Grant Wood was born in 1891 in Rural Iowa as the second-born child of Francis Mayville Wood and Hattie Weaver Wood. He spent the first ten years in rural Anamosa, Iowa. At ten years old, his father passed away unexpectedly, causing Hattie and her kids to move to Cedar Rapids. Following his father’s death, Grant Wood and his older brother were forced to take peculiar occupations to support their family.
Grant Wood’s interest in painting peaked at Cedar Rapids Public School. He started by submitting work to school competitions. In 1905, he took the second-runners up position in a state competition. This win inspired his resolve to transition into a pro artist. A year later, he moved to Washington High School. He participated in various art-related opportunities at Washington High School and all over Cedar Rapids. He met and forged a friendship with a associate artist, Marvin Cone. The two started working together designing sets for local theatre. They also volunteered at the Art Association in Cedar Rapids, installing expositions and safeguarding galleries. Furthermore, he took on interior decorating jobs, and sketched for the yearbook.
After graduating from Washington High School, Grant Wood Moved to Minnesota in summer. He attended a course at the School of Design and Handicraft in Minneapolis. The course was taught by Ernest A. Batchelder, one of the most prominent proponents of the Arts and Craft Movement. He also attended the University of Iowa, where he studied life drawing under the French-trained academic painter, Chares Cummin’s instruction. He also returned to Minnesota a year later to take another art-related course.
In 1913, Grant moved to Chicago, where he took night academic programs at the Art Institute. At the same time, he worked as a jewel maker to earn a living. He went as far as opening a small jewel-making business. However, his business failed after a short time. Regardless, his mother was still going through increasing financial instability. This prompted him to move back to Cedar Rapids after only three years in Chicago. He took up jobs as a home builder and decorator after assuming fiscal charge for his mother and Nan, his youngest and favourite sibling. This was during the World War I. Towards the end of the war, he joined the US military to design camouflage scenes.
Following the end of the World War, he started working as an art teacher at the McKinley Middle School. In 1920, he took a summer European trip. He would return to France in 1994 for a year-long course at the Academie Julian in Paris before taking on a second league of his European travels in Italy. Finally, in 1925, upon encouragement from his friend David Turner, he gave up teaching to take on a full-time art career.
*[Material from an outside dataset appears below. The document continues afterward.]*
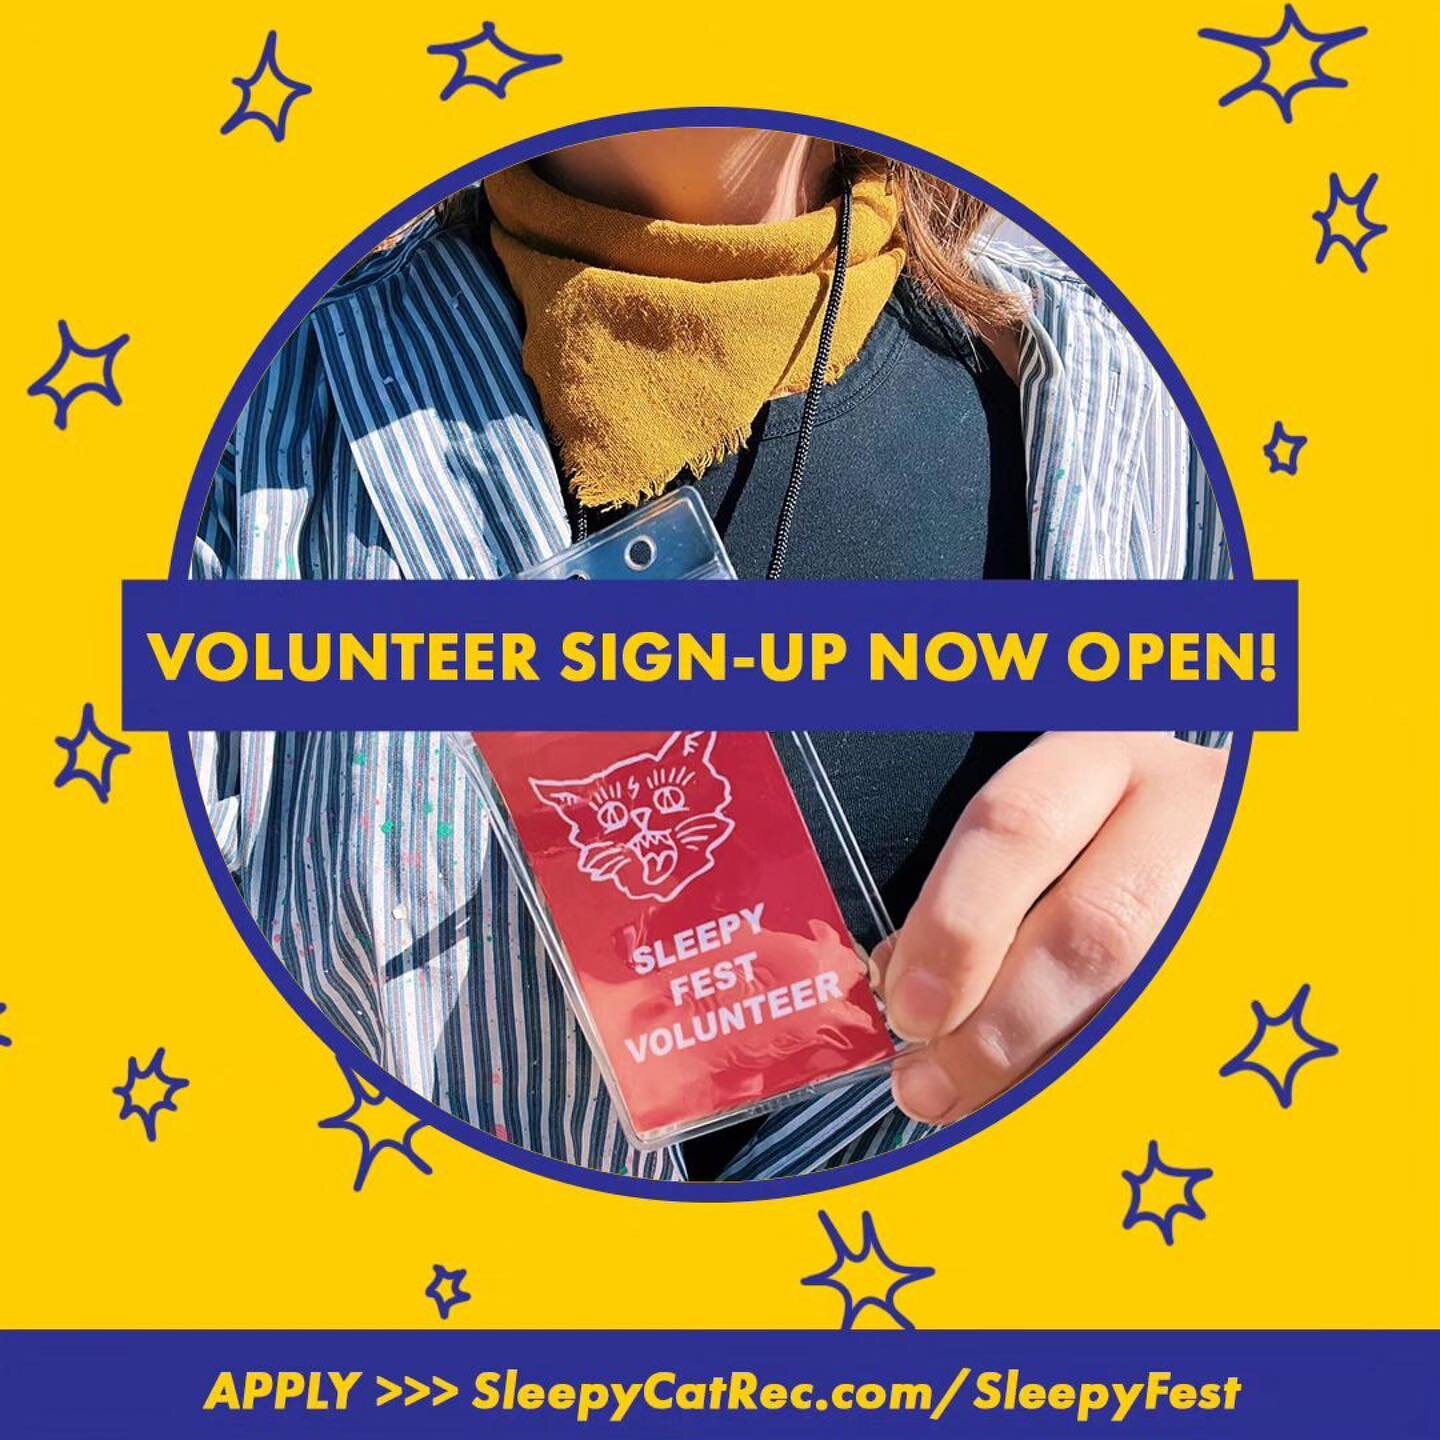 Our volunteers play a big role in making Sleepy Fest what it is. We&rsquo;re so grateful to everyone who puts their time and energy into creating such a special event! Volunteer for one shift (~3 hours) in exchange for free entry to Sleepy Fest. Volu

Starting Out as a Professional Artist
Grant Wood went from an artist to a jewel-maker, a home constructor and decorator, then back to an professional artist and art teacher. In other words, he was a jack-of-all-trades. He dabbled in various styles and career opportunities. However, when he decided to take on art as a full-time career, he started focusing on the Regionalism painting style. Grant Wood gained international recognition in 1930 when he created American Gothic. The painting won a medal at the annual Chicago Art Institute exhibition. When the institute purchased the piece, Wood’s reputation skyrocketed. He painted several of his most popular works for the next half a decade.
Most of his works were inspired by his childhood living at the firm. This separated his perspective from realists. Therefore, his work fixated on the beautiful, mythical, and simple memories of his childhood instead of labour, primitivity, and financial instability often associated with farm life. In 1934, we learned painting at the School of Art at the University of Iowa. He was tasked with supervising mural painting projects and mentoring students. He also created incredible pieces of his own. He became part of the cultural community in the university during his seven years.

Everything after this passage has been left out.